Check to make sure there is no policy that's stuck, or a recon job. I had a similar experience about a year and a half back now where I had MacBook Pros with 1TB drives that were inexplicably filling up. In troubleshooting it, I found it was due to a policy stuck in a running state that was causing a Jamf temp file to rapidly fill up.

If I recall, the temp file was in /Library/Application\ Support/JAMF/tmp/, but might be in some other location. I would, if you can, open a sudo shell on one of the affected Macs and run a
du -hs /Library/Application\ Support/JAMF
on it, to see what it comes back with for the space being used on that directory. If it looks abnormally large, then that might be the cause.

junjishimazaki
Valued Contributor

Hi, on one of those macs. Go to About this Mac-->More Info, then scroll down to the Storage section. Select Storage Settings. That also breaks down what is taking up space. 

mschroder
Valued Contributor

Check if Mail logging is enabled on these Macs. Mail logs will get VERY BIG, and they don't show up as used space, since nobody has the permissions to see them. I had a case like this, took me quite some time to find the culprit.

mikelaundrie
New Contributor II

I recommend using OmniDiskSweeper as root to see where the storage is being used.  

To run it as root, open Terminal and run sudo /Applications/OmniDiskSweeper.app/Contents/MacOS/OmniDiskSweeper

 

EXP_SimonF
New Contributor II

Thanx a bunch!

What Grand Perspective couldn't see, OmniDiskSweeper showed me in 30 seconds. And Grand Perspective was even originally launched from terminal with sudo as you suggest doing with OmniDiskSweeper.
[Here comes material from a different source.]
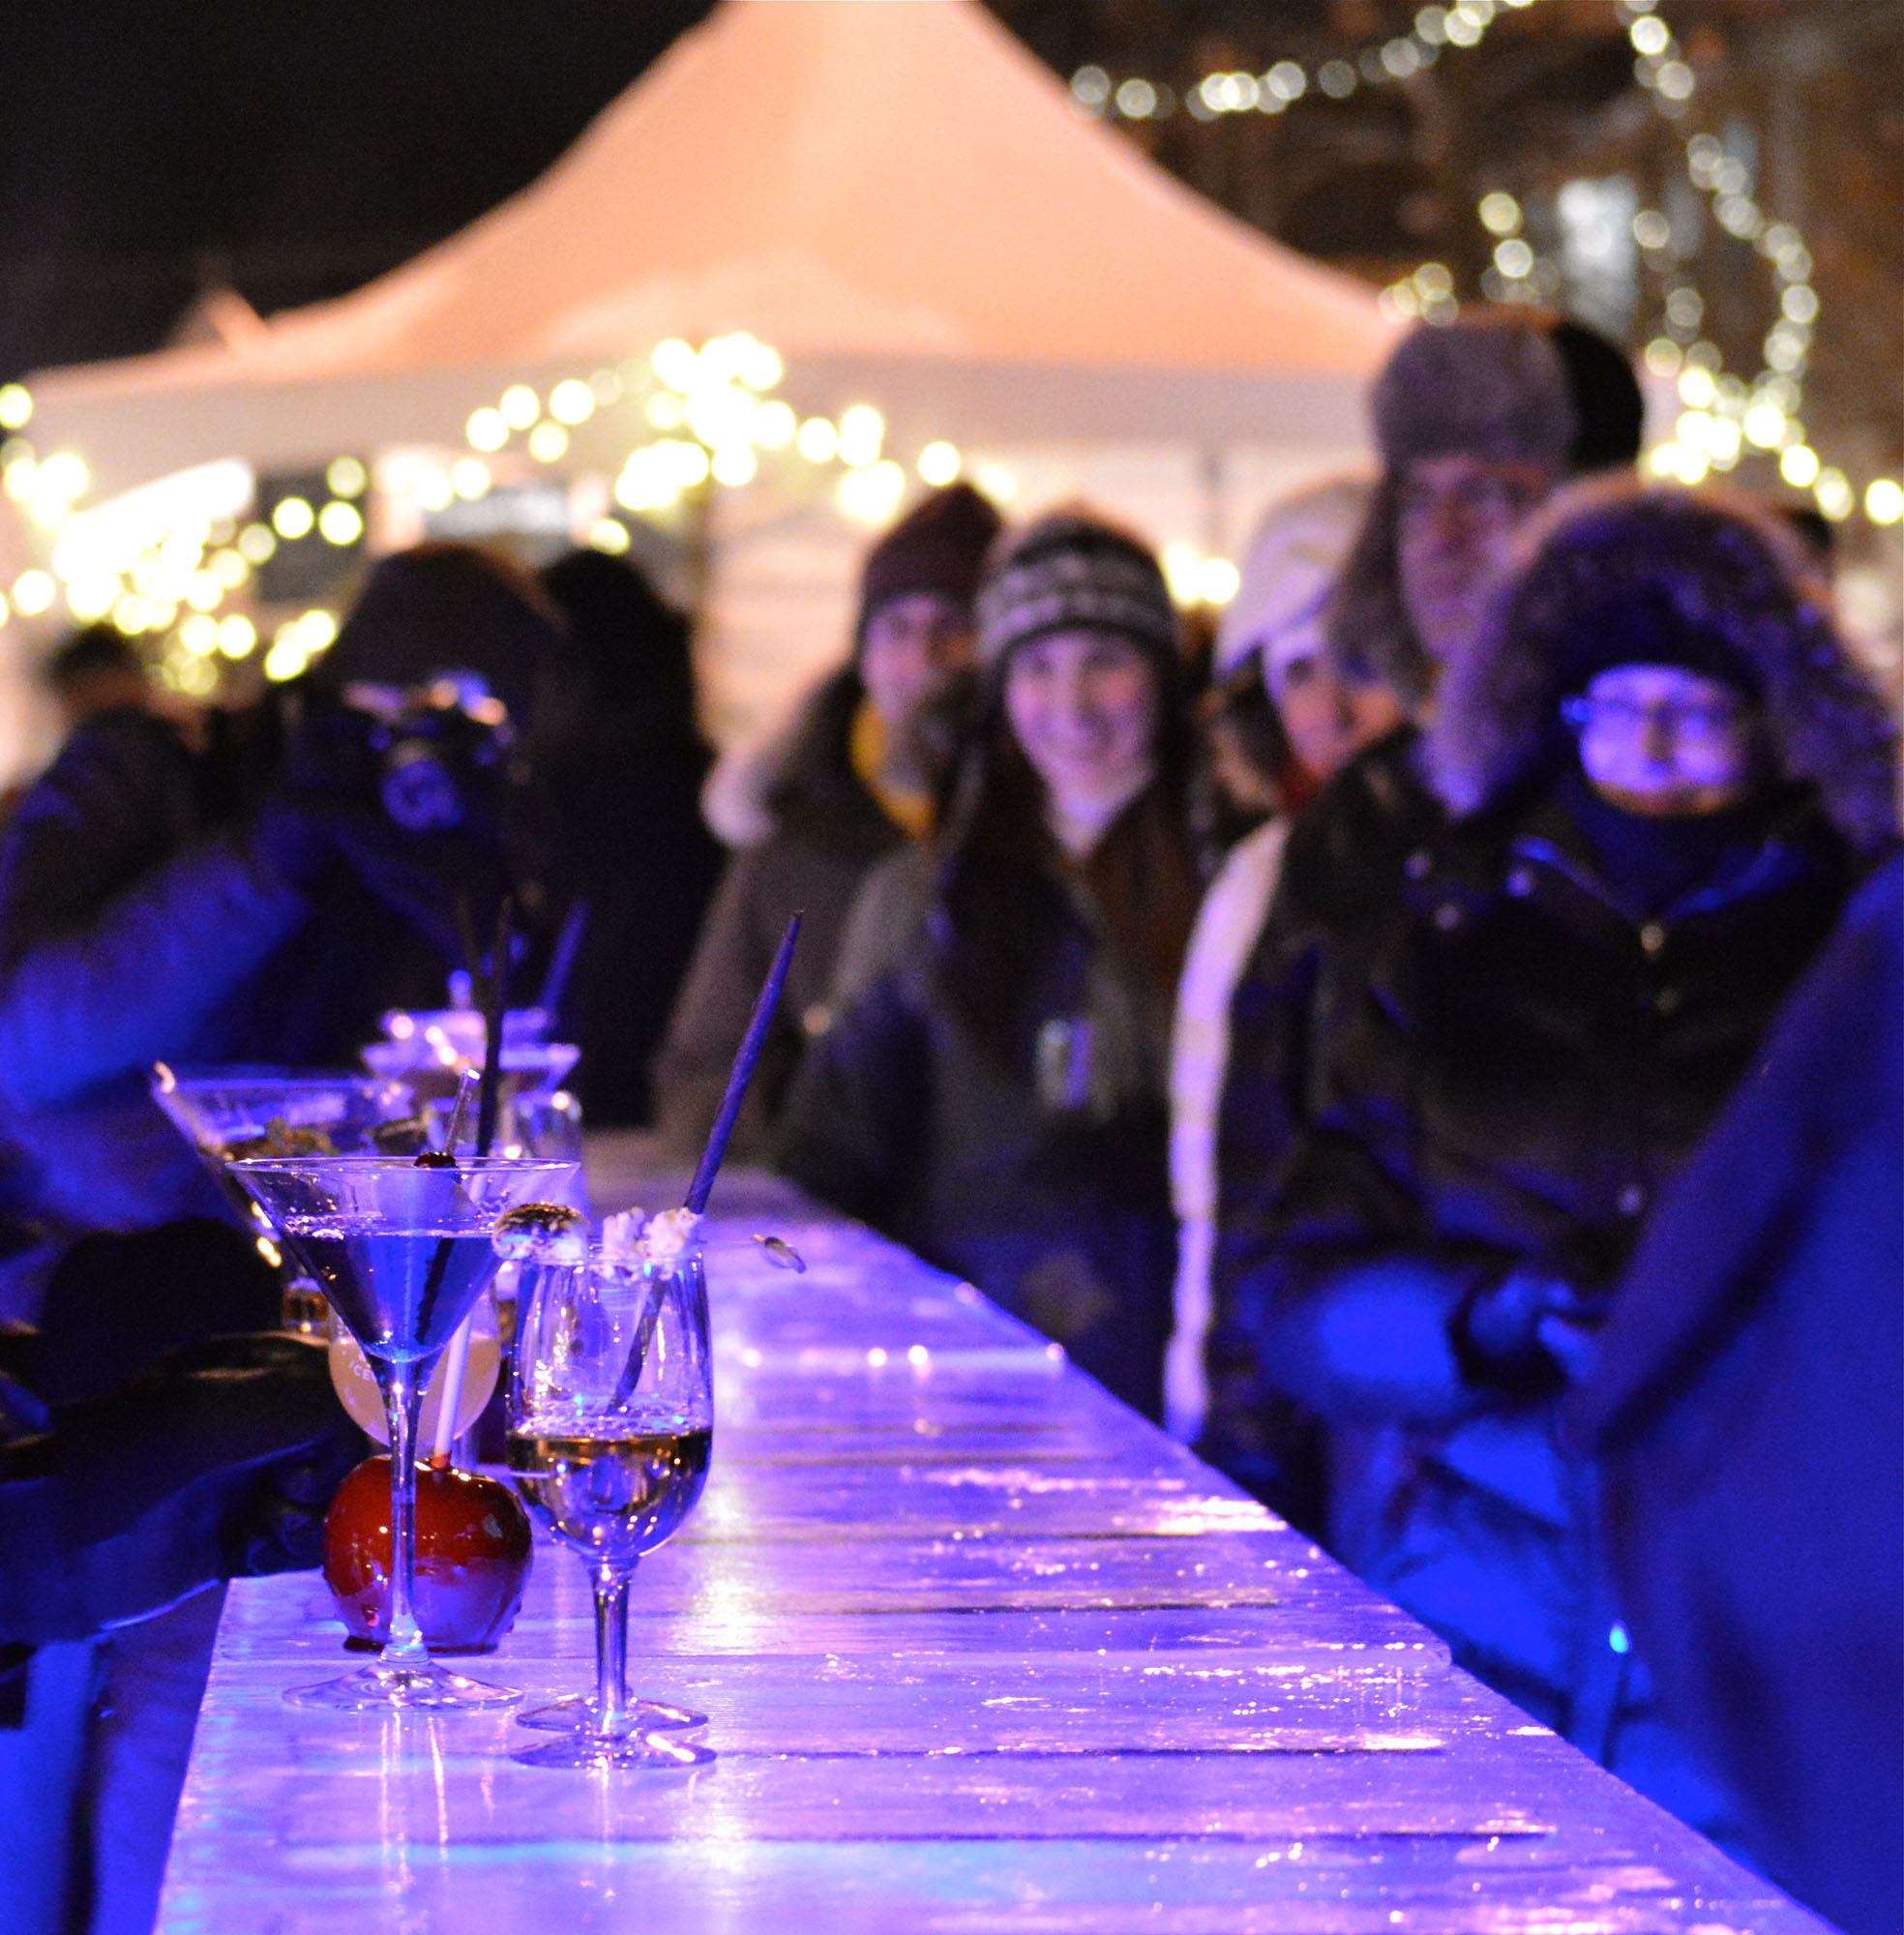 WINE COUNTRY ONTARIO - Icewine Festival transforms Wine Country

Frankly I am a bit miffed this worked :-)

And it was Jamf all along - the folder in /Library/Application Support/JAMF/tmp was 180Gb+.

Still convinced it is a bug relating to macOS 13.0.1, but we'll see in the coming weeks if it fills up again...

mm2270
Legendary Contributor III

I told ya the JAMF tmp folder might be the cause. 

I would not however just chalk it up to an OS bug. Check your policy logs for the affected machines, both from the Jamf Pro console and from the Macs themselves. I’m betting there’s some rogue policy that hasn’t exited on them that’s the cause. It might be a script prompting for user input at the shell level that’s never coming. That’s what it was for me. 

EXP_SimonF
New Contributor II

Thanx, you were right, but even when looking in Jamf, nothing seems out of the ordinary. There is nothing pending, no more than 132 entries in the most busy of the logs, so it has to be something gone awry locally. And only on those 3 machines.

I will look into the local files on the 2 other machines (since I've already deleted the .tmp files on the one cured today)...

And to be precise, I am not necessarily blaming macOS itself, I just think it's JAMF in conjunction with macOS 13.0.1 Ventura that's getting us into trouble. We have several machines running 13.0 and a couple running 13.1, but the only machines with huge tmp-directories are running 13.0.1.

We'll see if the problem persists if I only empty the directories and continue :-)

mm2270
Legendary Contributor III

Ok, good luck in tracking down the root cause. It sounds like it's being a bit elusive.

In terms of it possibly being a combination of Jamf and macOS Ventura, it's definitely possible. Are you using an on-prem Jamf Pro, or is it cloud hosted?